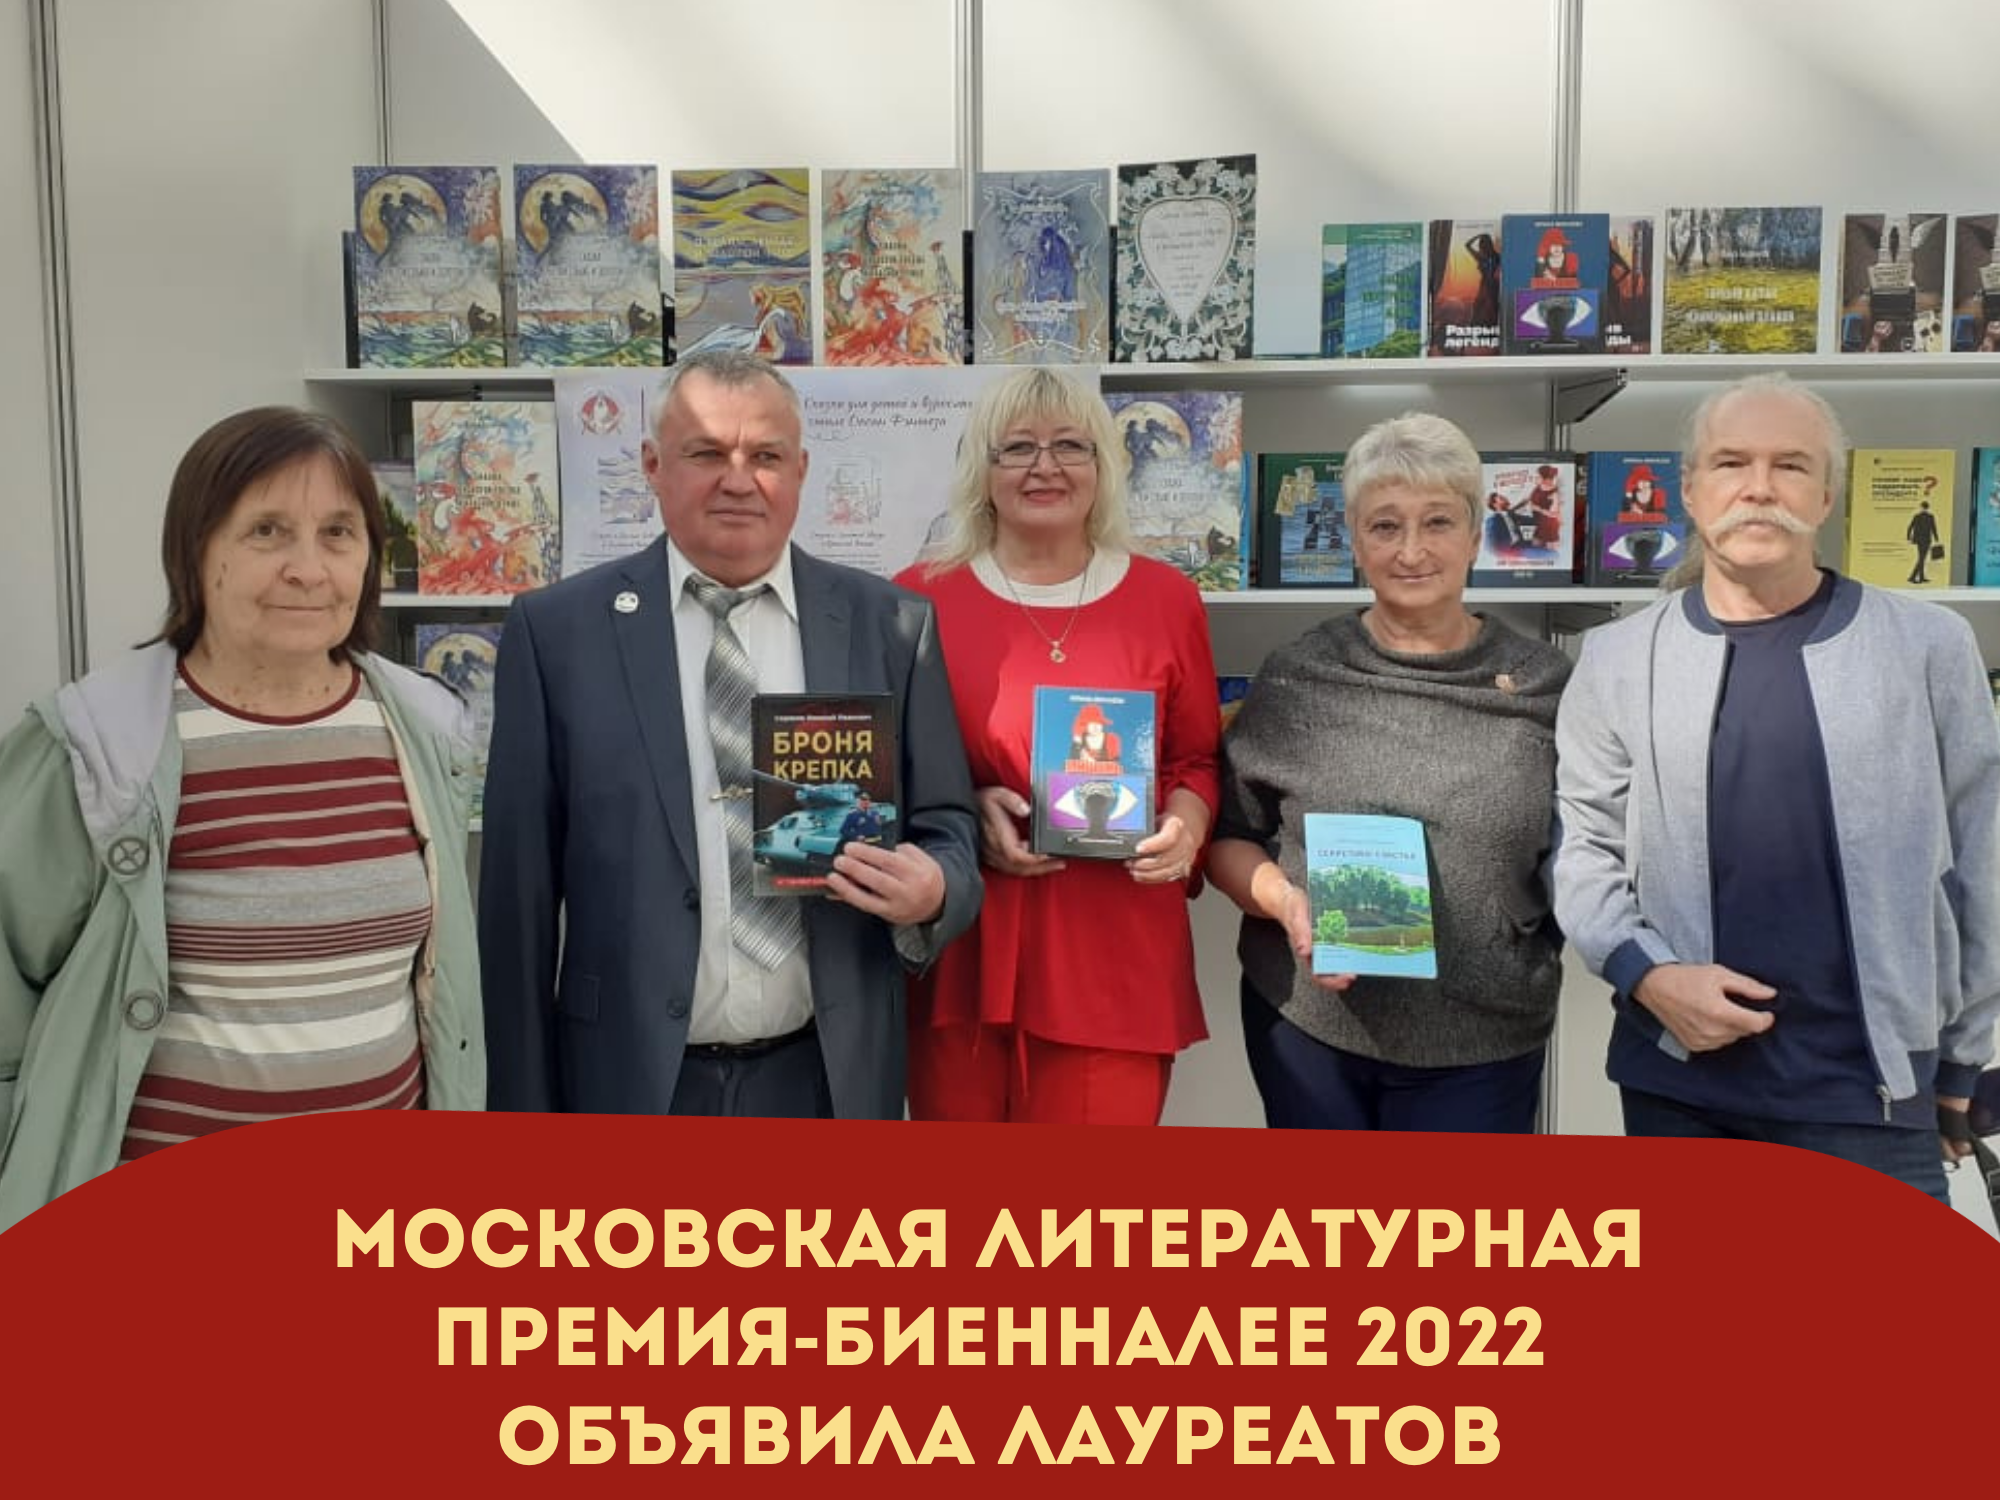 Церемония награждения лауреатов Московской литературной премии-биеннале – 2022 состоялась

□ □ □ □ □

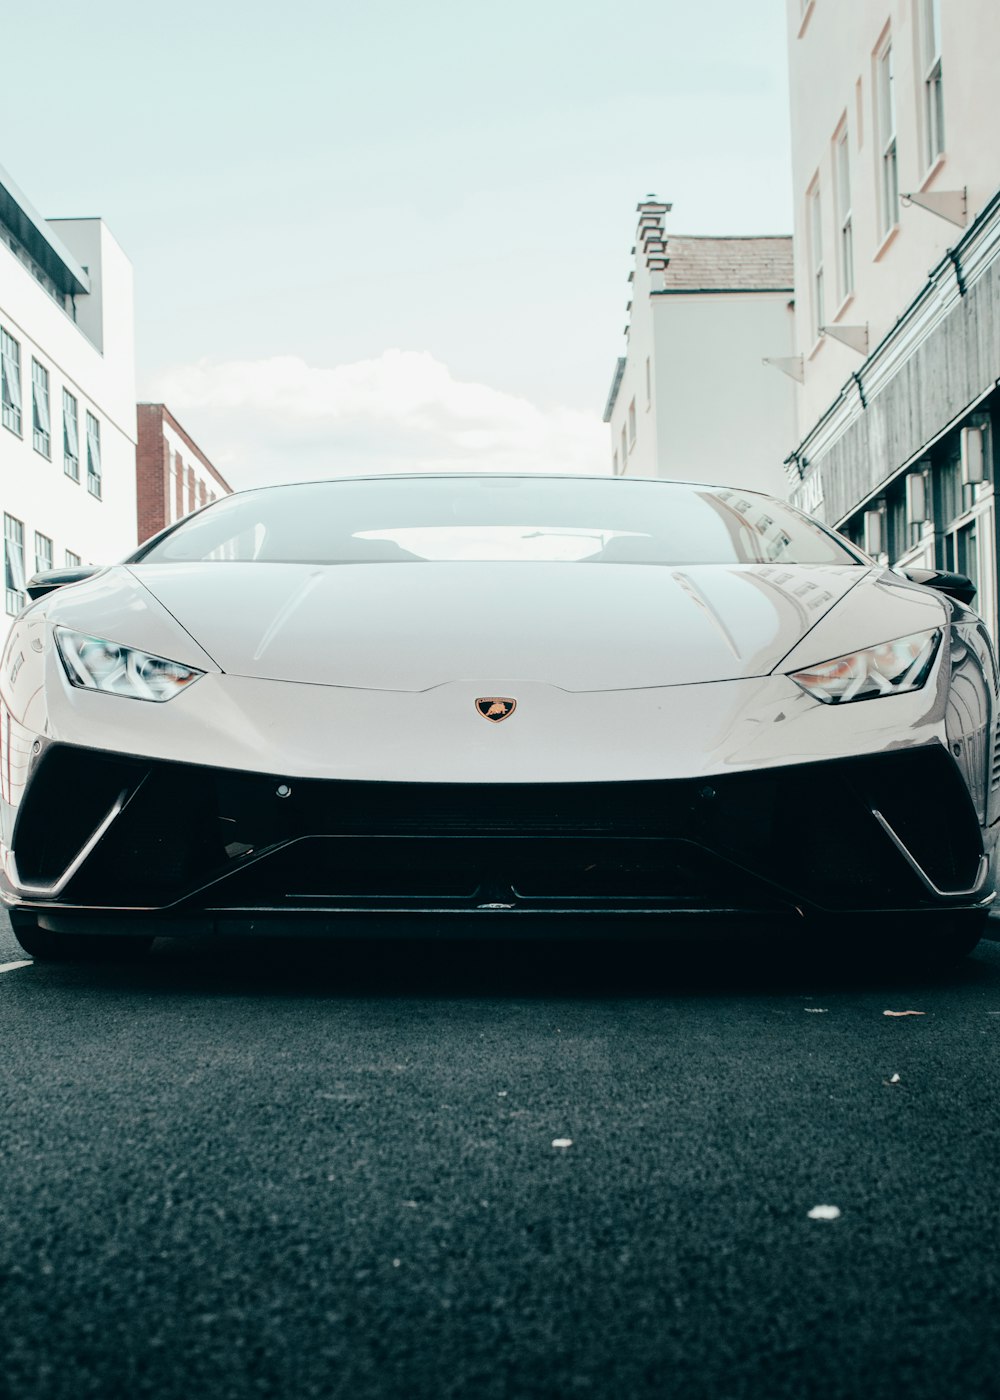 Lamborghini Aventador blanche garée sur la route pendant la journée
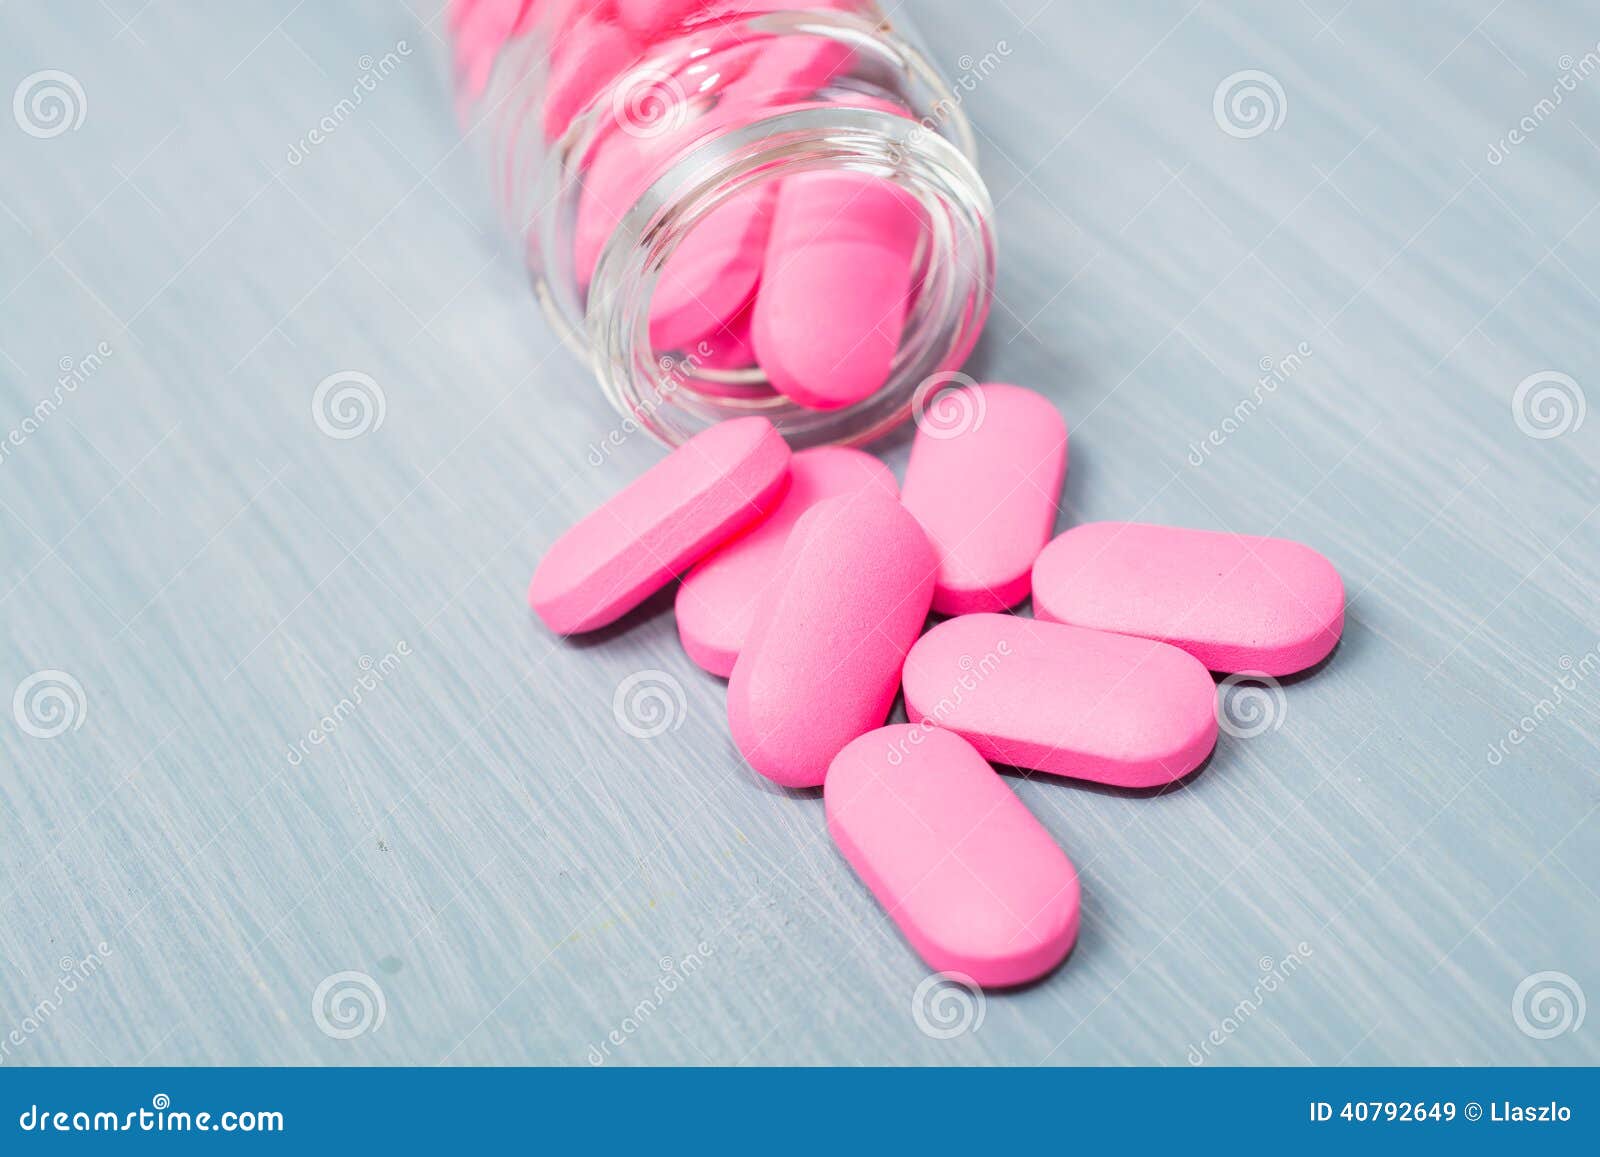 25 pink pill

□ □ □ □ □

(EXERCISE BRIEF) From the line holding "Lamborghini Aventador blanche" to the line holding "25 pink pill", both included, retype the entries above exactly and drop the pictures.

(RESPONSE AREA)
 Lamborghini Aventador blanche garée sur la route pendant la journée
 25 pink pill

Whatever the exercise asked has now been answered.